Déborah Arvers : Peut-être inconsciemment. Ce qui me plaisait dans le théâtre, quand j’étais toute jeune, c’est que j’avais l’impression de faire rire des gens, de donner un peu de bonheur aux autres. Ensuite, en commençant à me former, et surtout depuis quatre ans à en faire mon métier, je me rends compte que l’on peut véhiculer des messages d’ouverture, de tolérance, et cela m’intéresse d’allier l’artistique au social.

Question : Vous êtes née handicapée ou vous l’êtes devenue ?

Déborah Arvers : Je suis née prématurée, à six mois et demi, handicapée. Je marche avec des béquilles depuis l’école primaire, avant j’utilisais des cannes tripodes. J’utilise aussi un fauteuil roulant en intérieur, et à l’extérieur quand je suis avec des gens qui peuvent le pousser parce que je suis moins douée en fauteuil, mais il me permet de me reposer. Je n’ai pas trop de problèmes d’autonomie, si ce n’est que mon handicap m’empêche de conduire une voiture. Hormis une aide-ménagère une fois par semaine, j’arrive à me débrouiller pour la vie courante. Je vis à Arras, dans le Pas-de-Calais. J’y ai débarqué une première fois il y a onze ans, pour étudier à l’université et ma première véritable école de théâtre, et je me suis pris d’amour pour cette région au-delà des clichés qui sont parfois véhiculés. J’ai vécu quelques années en région parisienne pour suivre les cours d’une autre école, mais la région Nord-Pas-de-Calais me manquait, je m’y suis réinstallée il y a quatre ans.

Question : Vous êtes comédienne et vous en vivez, c’est donc votre métier…

Déborah Arvers : Oui, c’est mon métier, j’ai créé la compagnie Au-delà du seuil il y a quatre ans. Je n’en vis pas uniquement, parce que j’ai la chance et la malchance d’être handicapée, donc il existe des aides sociales. Je vis grâce à l’allocation aux adultes handicapés et à mes salaires. Je ne suis pas intermittent du spectacle, je n’entre pas dans la case des 507 heures de travail sur dix mois, je n’ai pas encore cette chance. J’écris également, notamment le spectacle actuel de notre compagnie.

Question : Pour vous, le théâtre est un moyen d’aborder des grands sujets, des grands thèmes, ou vous avez d’autres envies ?
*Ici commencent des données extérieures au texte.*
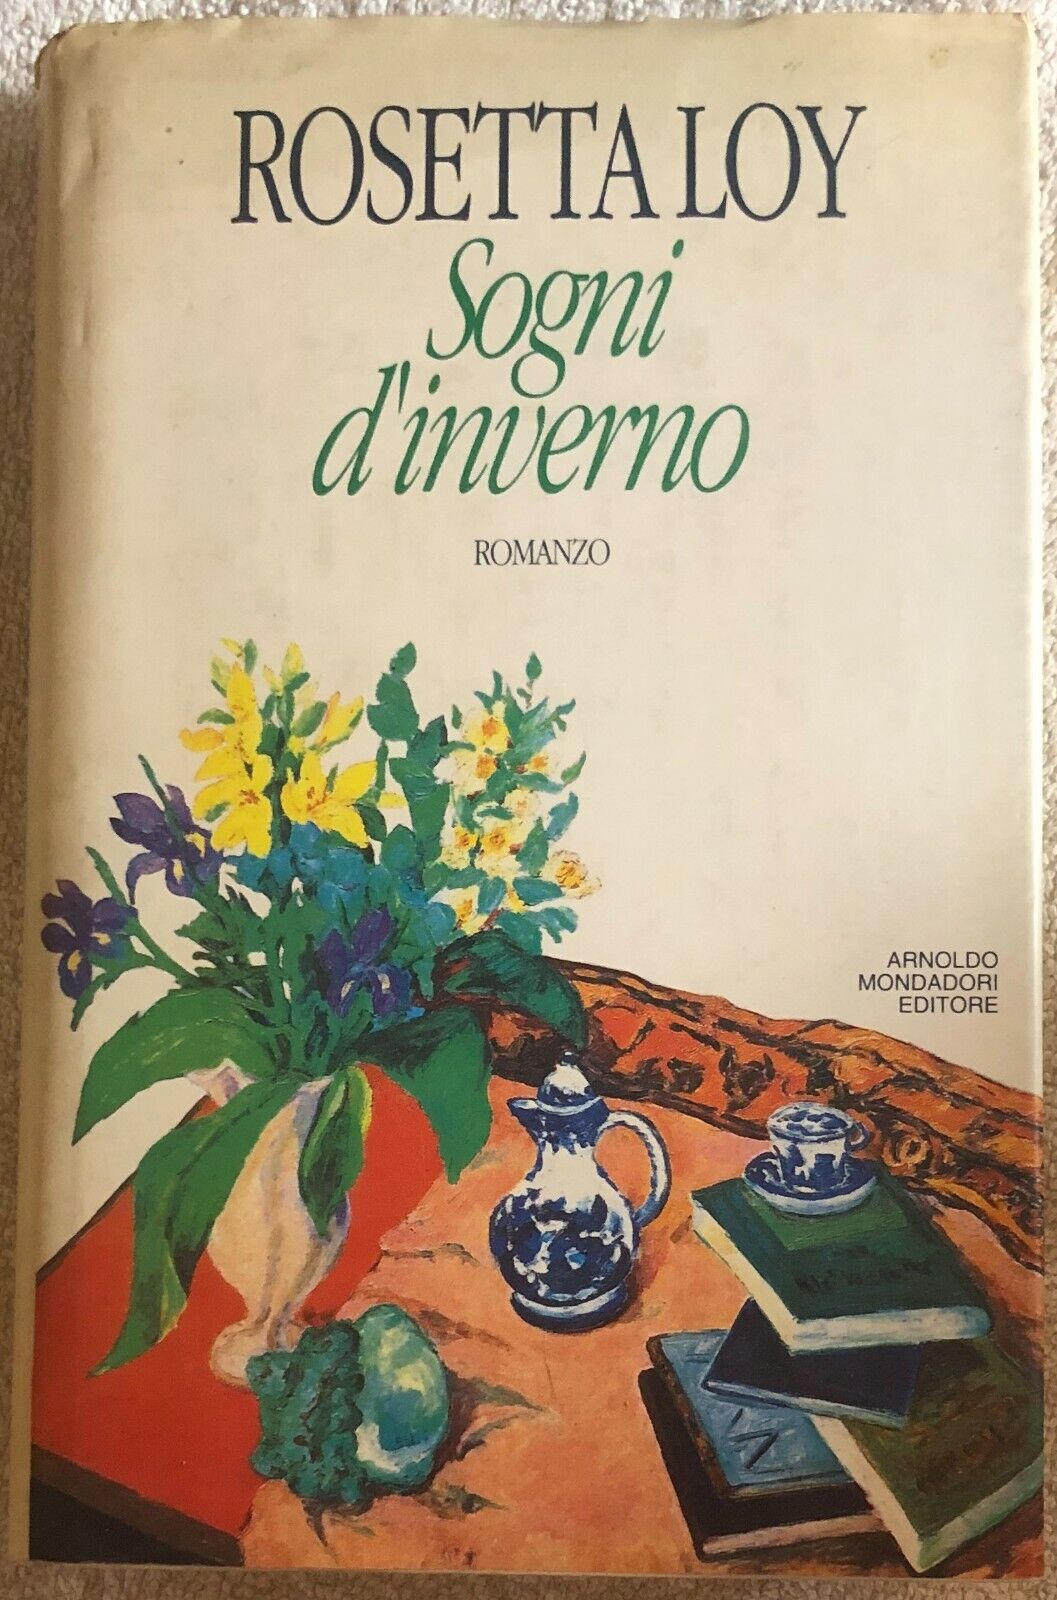 Sogni d'inverno di Rosetta Loy,  1992,  Arnoldo Mondadori Editore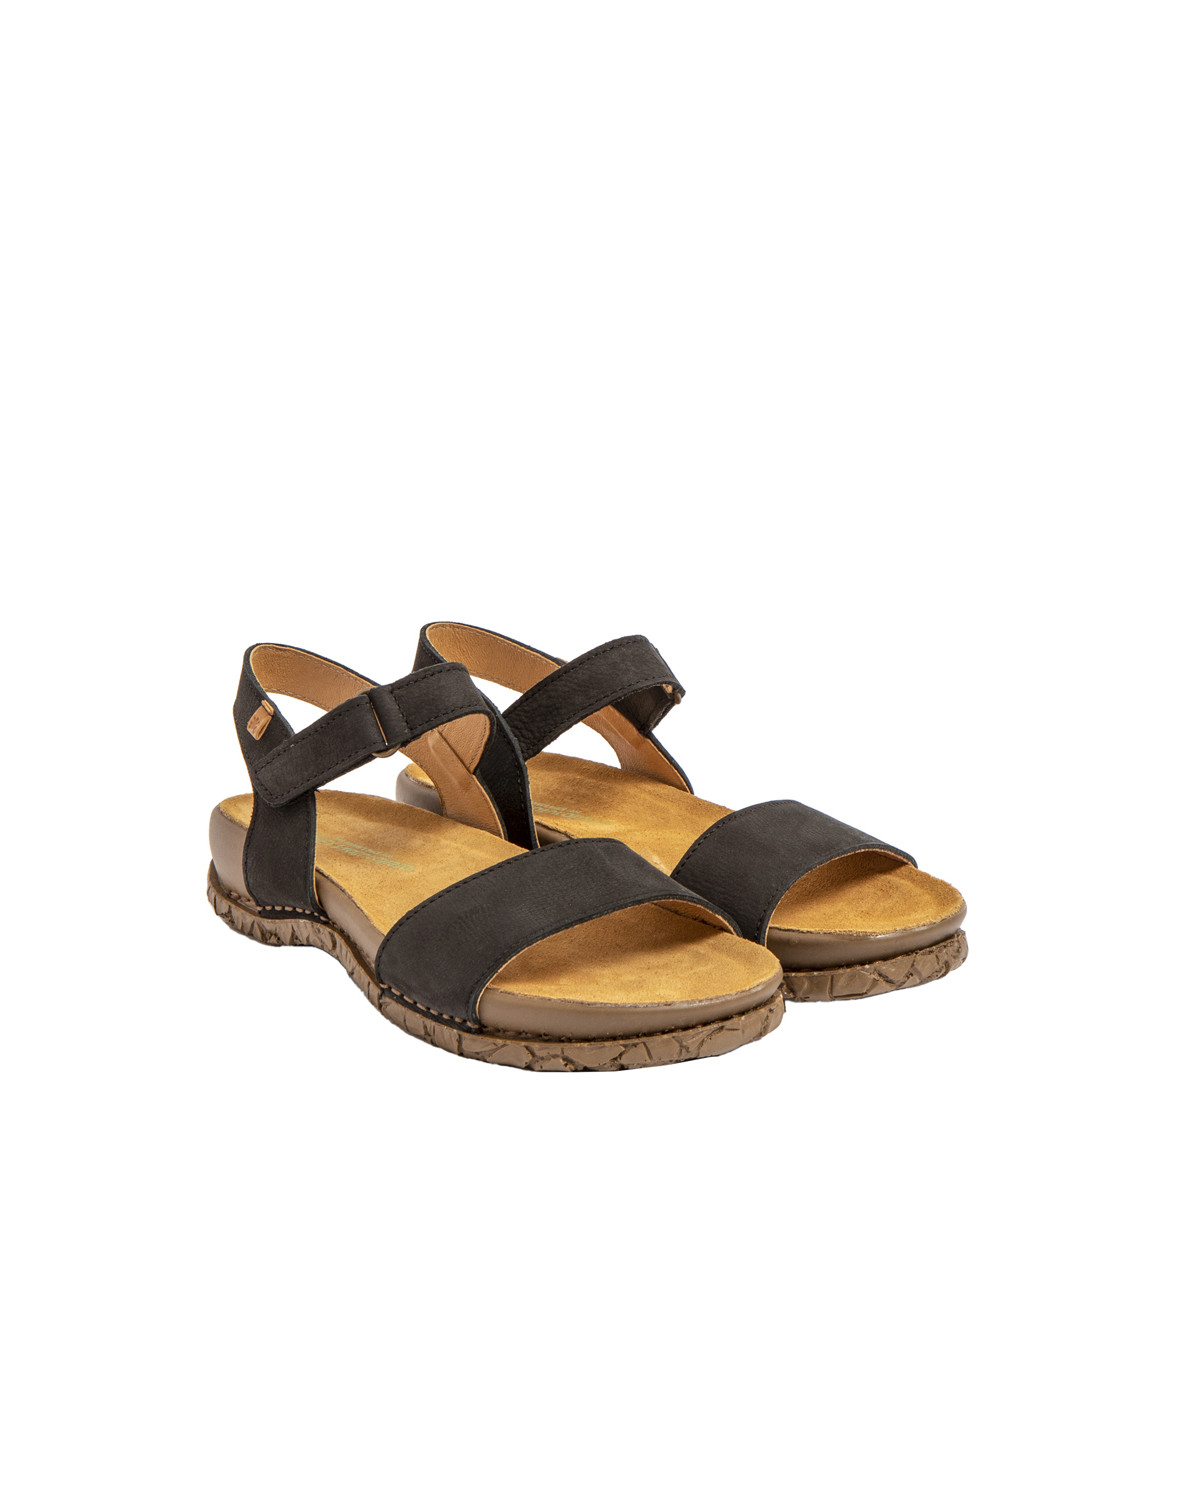 Sandales confortables plates en cuir à scratch et semelles ergonomique - Noir - El naturalista

Déborah Arvers : Mon envie pour une prochaine création théâtrale serait que le support ne soit plus un texte mais que l’on parte des témoignages des gens et qu’on puisse porter la parole de ceux auxquels justement on ne donne pas suffisamment la parole, que l’on n’écoute pas, qui se sentent en marge, en difficulté, ou qui n’osent pas s’exprimer. C’est une idée qui m’est venue au travers de nombreux engagements, ce serait intéressant d’ouvrir un espace de parole, même si à la fin ce serait une forme avec des comédiens.

Question : Vous parvenez, avec votre compagnie, à entretenir des relations avec d’autres troupes de la région ?

Déborah Arvers : Ça se fait petit à petit, parce que cela prend du temps. Comme je le dis en faisant le parallèle avec une entreprise, il faut se constituer un réseau qui s’élargit progressivement. Pour ce qui est du premier spectacle, on a eu la chance de le jouer à Lille, puis à Paris dans un petit festival. Le spectacle « Ma vie est un sketch » entame sa deuxième saison, on l’a repris depuis fin septembre avec des représentations dans des théâtres et des établissements scolaires, ce sera la première fois que la compagnie Au-delà du seuil jouera devant des élèves. Je travaille aussi avec d’autres compagnies, dont le groupe Teknè pour des interventions dans des collèges. Dans l’un deux, il avait été proposé aux élèves de rencontrer au cours de l’année plusieurs personnes handicapées; un garçon a dit : « c’est la première fois qu’on nous fait rencontrer une personne handicapée qui a un métier » ! Je suppose qu’on est nombreux dans ce cas-là, mais la visibilité n’est pas toujours représentative…

Question : Quelles sont vos aspirations ?

Déborah Arvers : En tant que personne, j’ai besoin de la création, d’exprimer des choses et surtout d’être à la rencontre des gens. Je ne suis pas à l’aise derrière un bureau, j’ai besoin d’aller au contact, de créer des liens. Ça c’est sur un plan artistique, et si en plus dans ma vie personnelle je pouvais trouver le bonheur, ce serait magnifique !

Propos recueillis par Laurent Lejard, octobre 2016.